* Work instruction: Find the line below with "Batteriebetriebene Led Lampe" and the line with "Betaplex Formulattions Clear Complexion Mask". Output exactly those lines and everything between them, leaving out the pictures.

----- Dataset entries

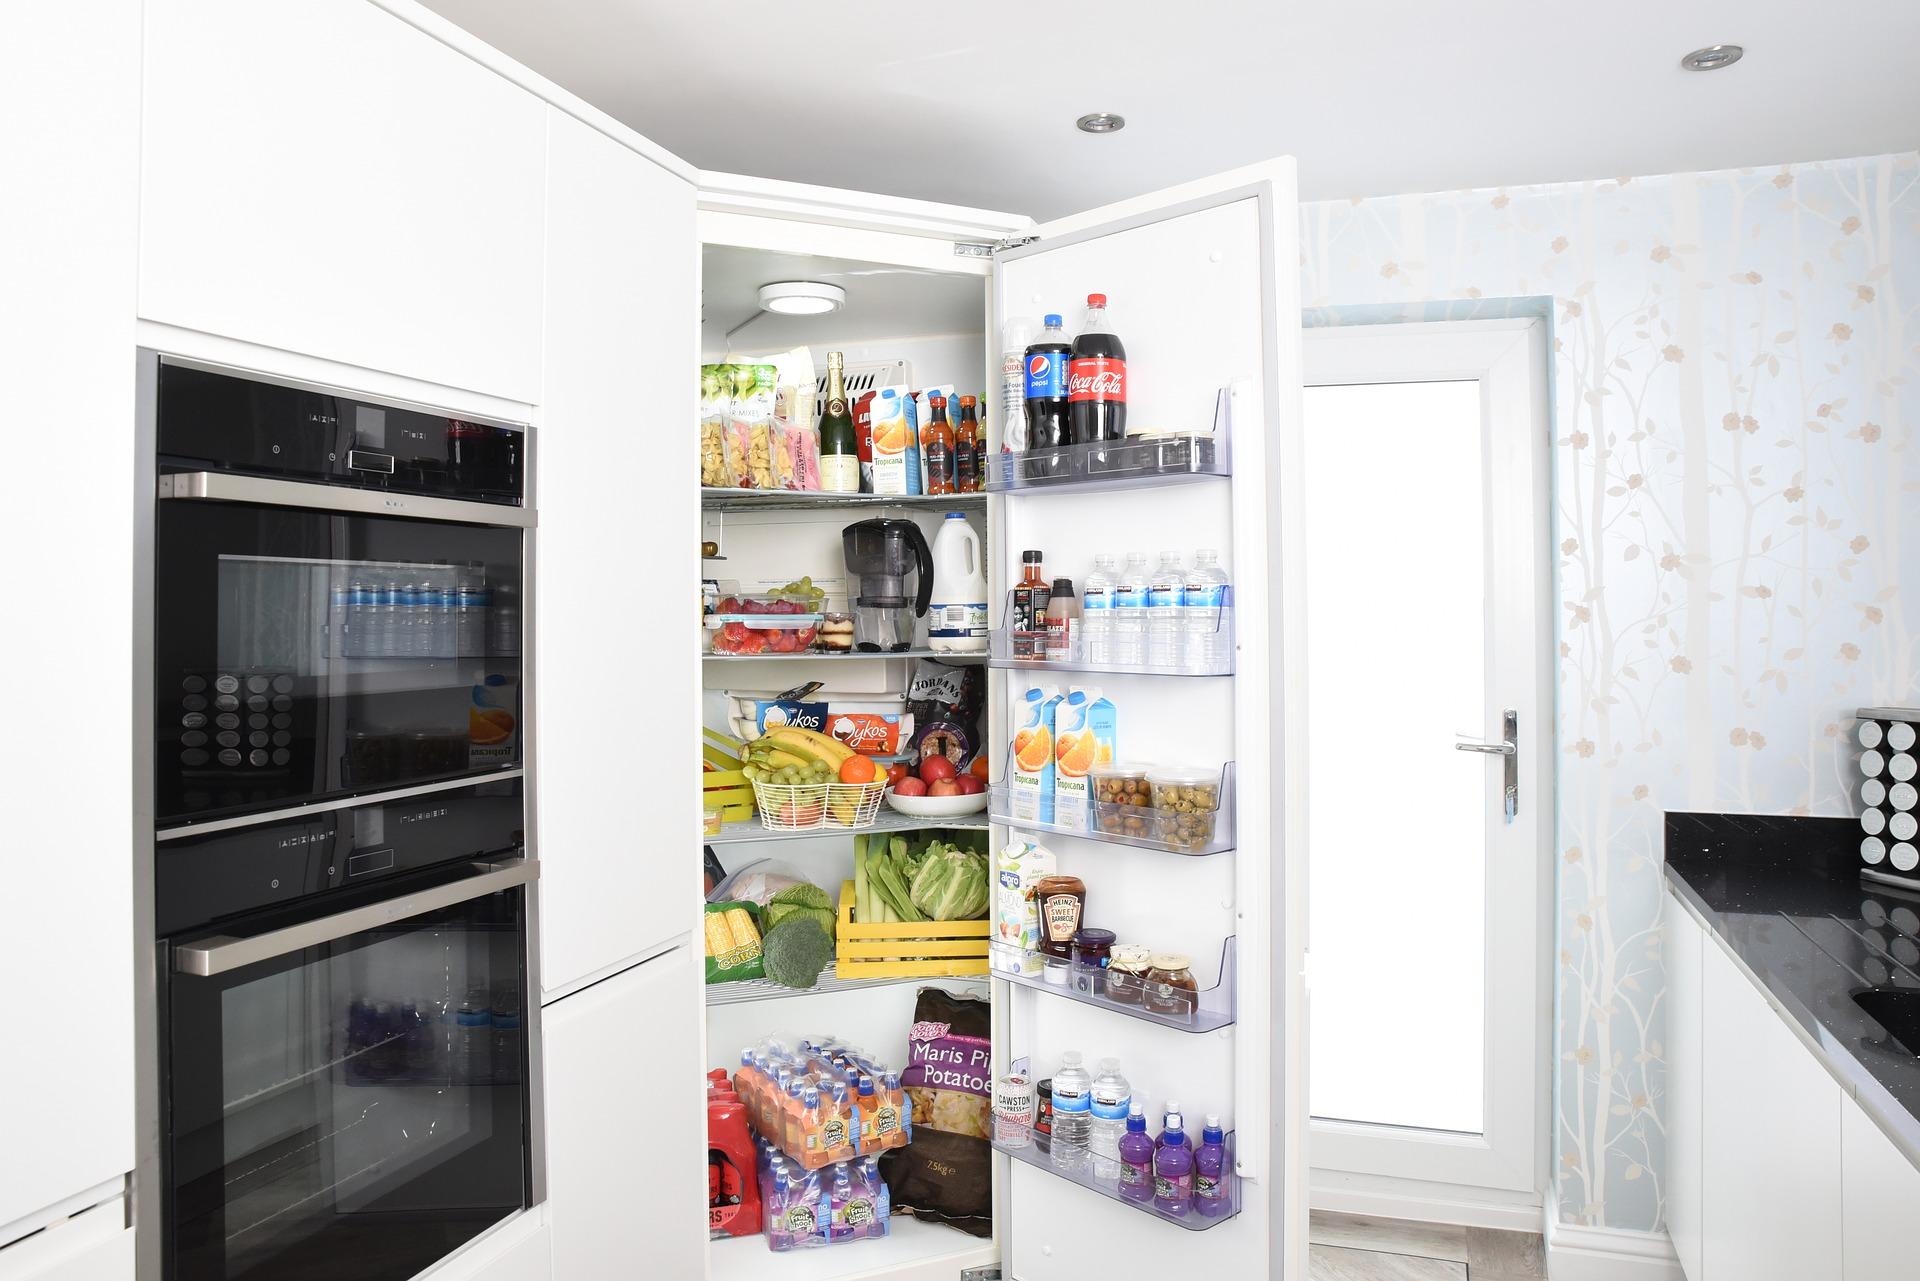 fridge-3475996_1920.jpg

----------
----- Dataset entries

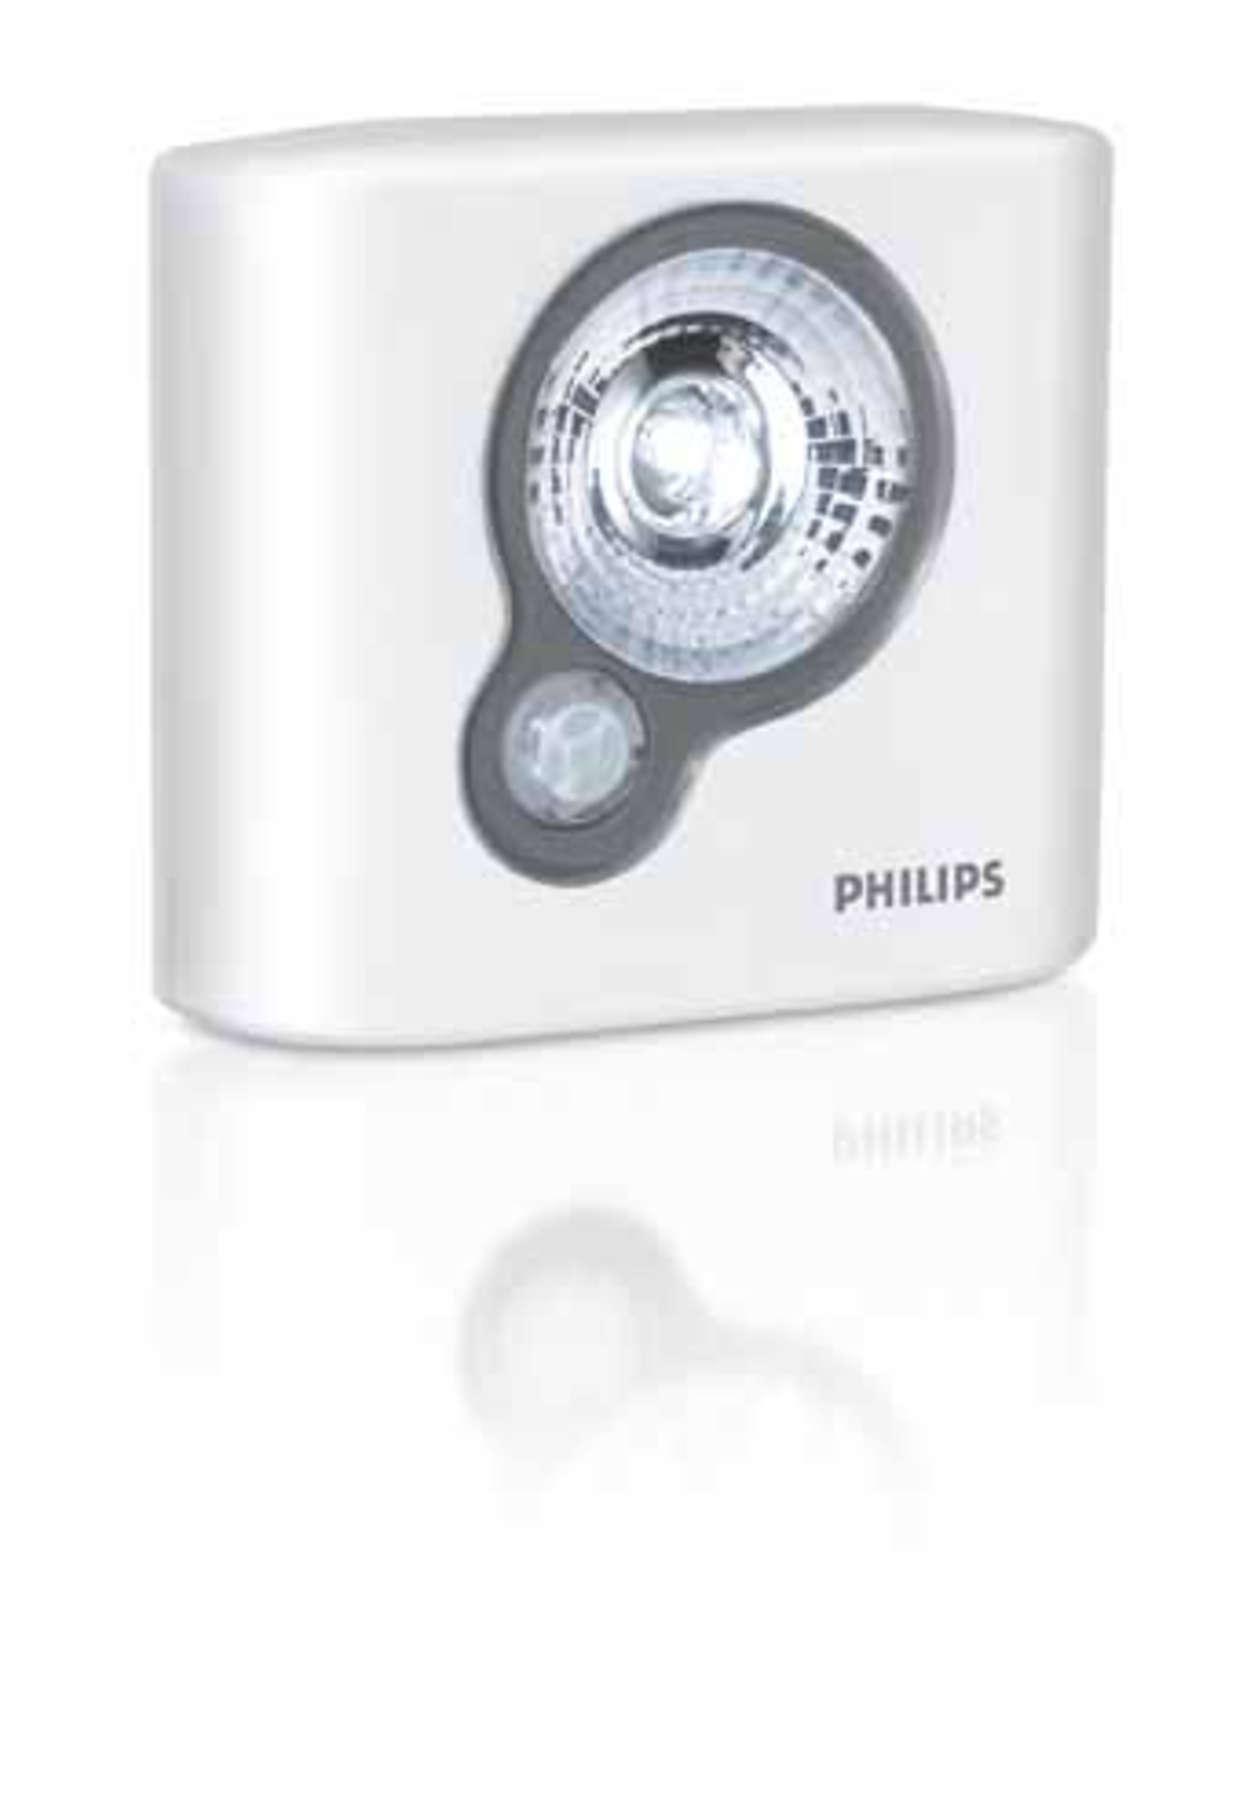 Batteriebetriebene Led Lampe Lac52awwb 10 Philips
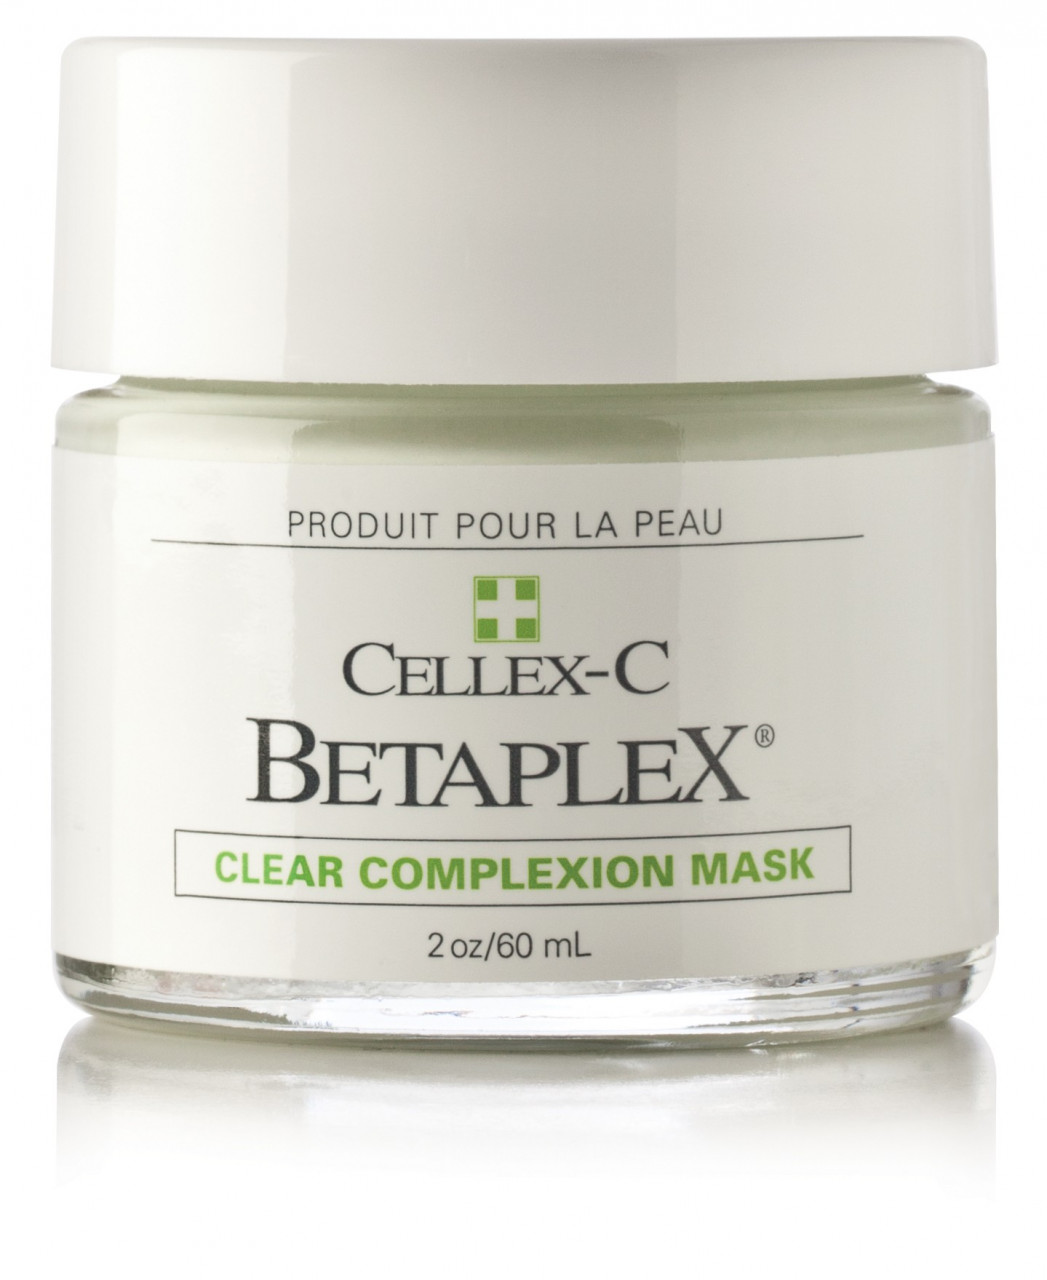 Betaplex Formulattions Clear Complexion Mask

----------

* Answer box:
 Batteriebetriebene Led Lampe Lac52awwb 10 Philips
 Betaplex Formulattions Clear Complexion Mask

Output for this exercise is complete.